New from Jeff York on The Establishing Shot: “GHOST STORIES” IS AN AMBITIOUS ANTHOLOGY OF GHOSTS AND THAT WHICH HAUNTS US

Are ghosts real? 
That question seems to be the central premise of the new movie GHOST STORIES as it starts. Written and directed by Jeremy Dyson and Andy Nyman, and available in the US on VOD, it tees up its premise with a character named Professor Phillip Goodman (Nyman, yet again) who does not believe in goblins and such. He’s made a career out of debunking the supernatural, and as the story begins, he discredits a psychic who is right in the middle of a theatrical show. Goodman tells us, in the opening narration, that the mind merely plays tricks on itself and that there is no logical proof to support a netherworld. 
Pay close attention to those early words, however, along with the first images that appear onscreen during the credits too. They hold many of the actual answers to the query about ghosts the film raises. In fact, it’s best to keep your eyes peeled quite close during the entire run of this 98-minute frightener. There are various clues to what’s going on in every scene. “What haunts man?” Indeed, it may not be just ghosts or things that go bump in the night. It could be a yellow dress, a hooded jacket, or even a dripping faucet. 
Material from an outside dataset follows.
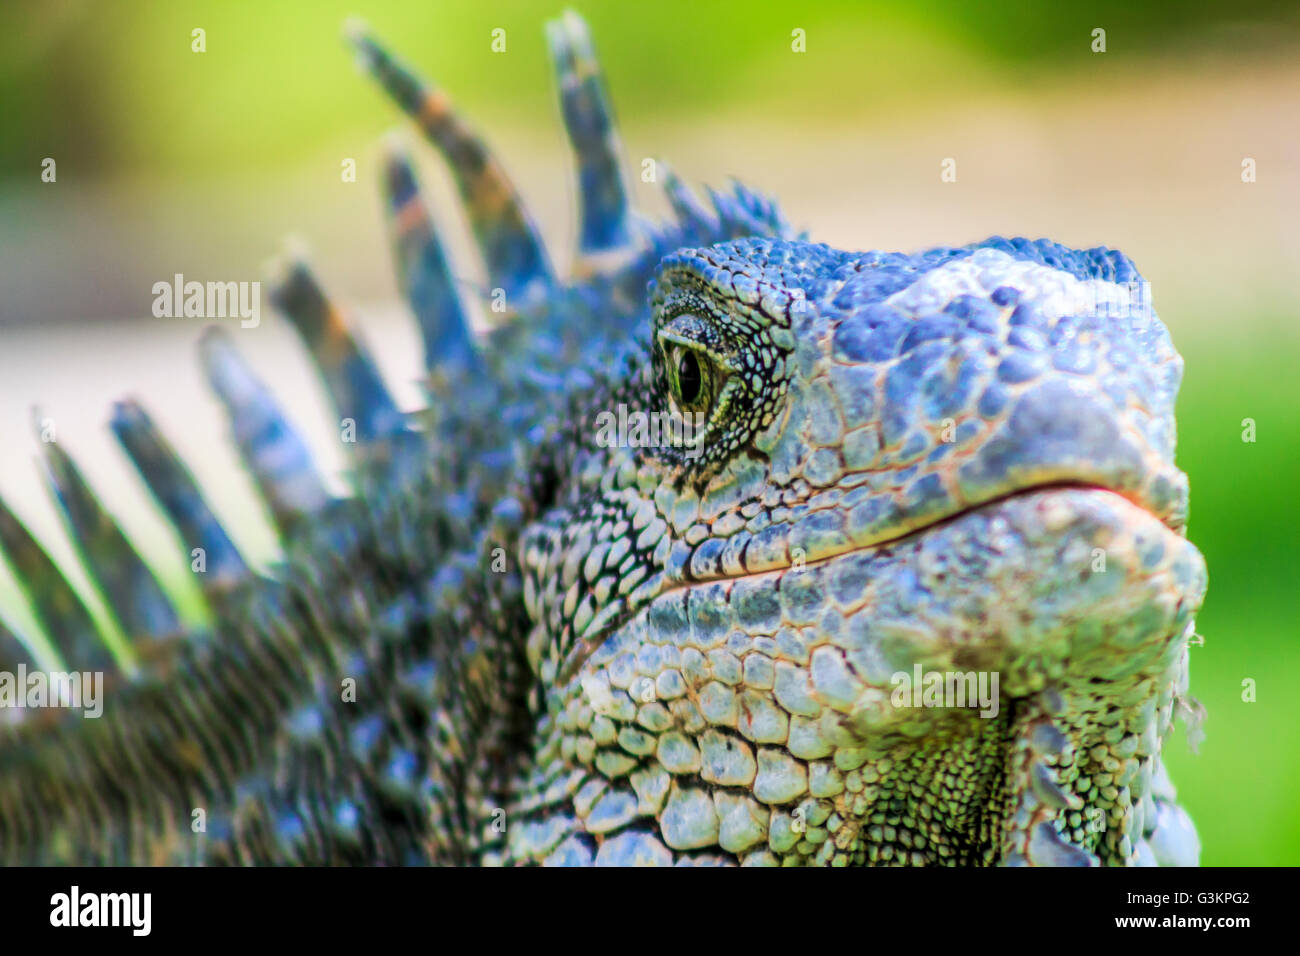 Close up of male green iguana (iguana Iguana) with spines and dewlap, Parque de las Iguanas, Guayaquil, Ecuador - Stock Image
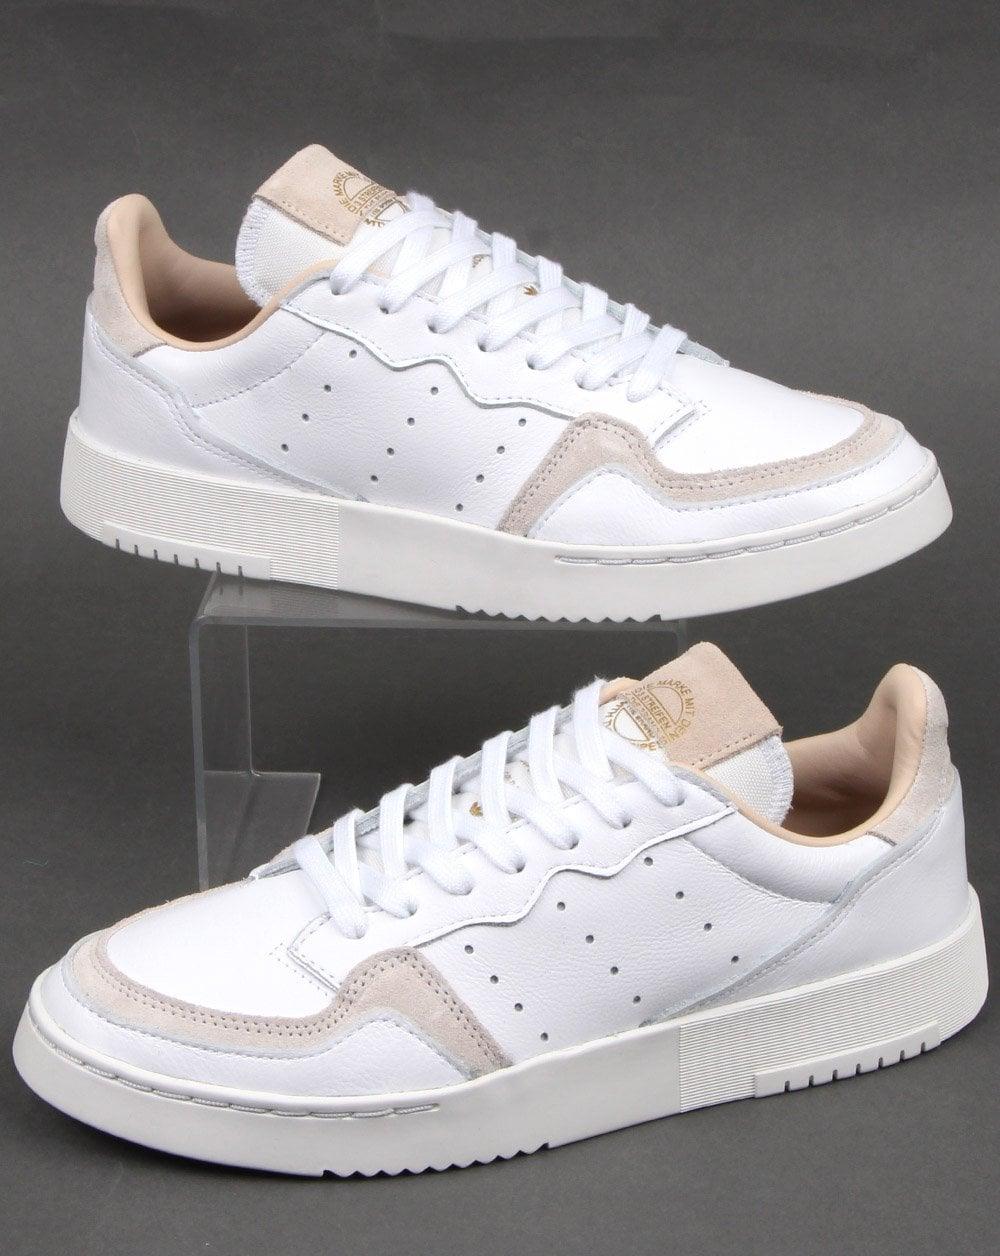 Adidas Supercourt Trainers White

After boasting of debunking that theatrical charlatan, the British Goodman receives a summons to a dilapidated old trailer park outside London to meet with his hero, the long-lost ghostbuster Charles Cameron. Goodman is disappointed that Cameron is living in such an impoverished place, and the old coot’s hostile attitude almost sends him packing. But then Cameron informs him that ghosts do exist, usurping his life’s work and that he’s got three cases that will prove it to Goodman. He tosses the files to the startled Goodman and challenges him to prove that he’s wrong.  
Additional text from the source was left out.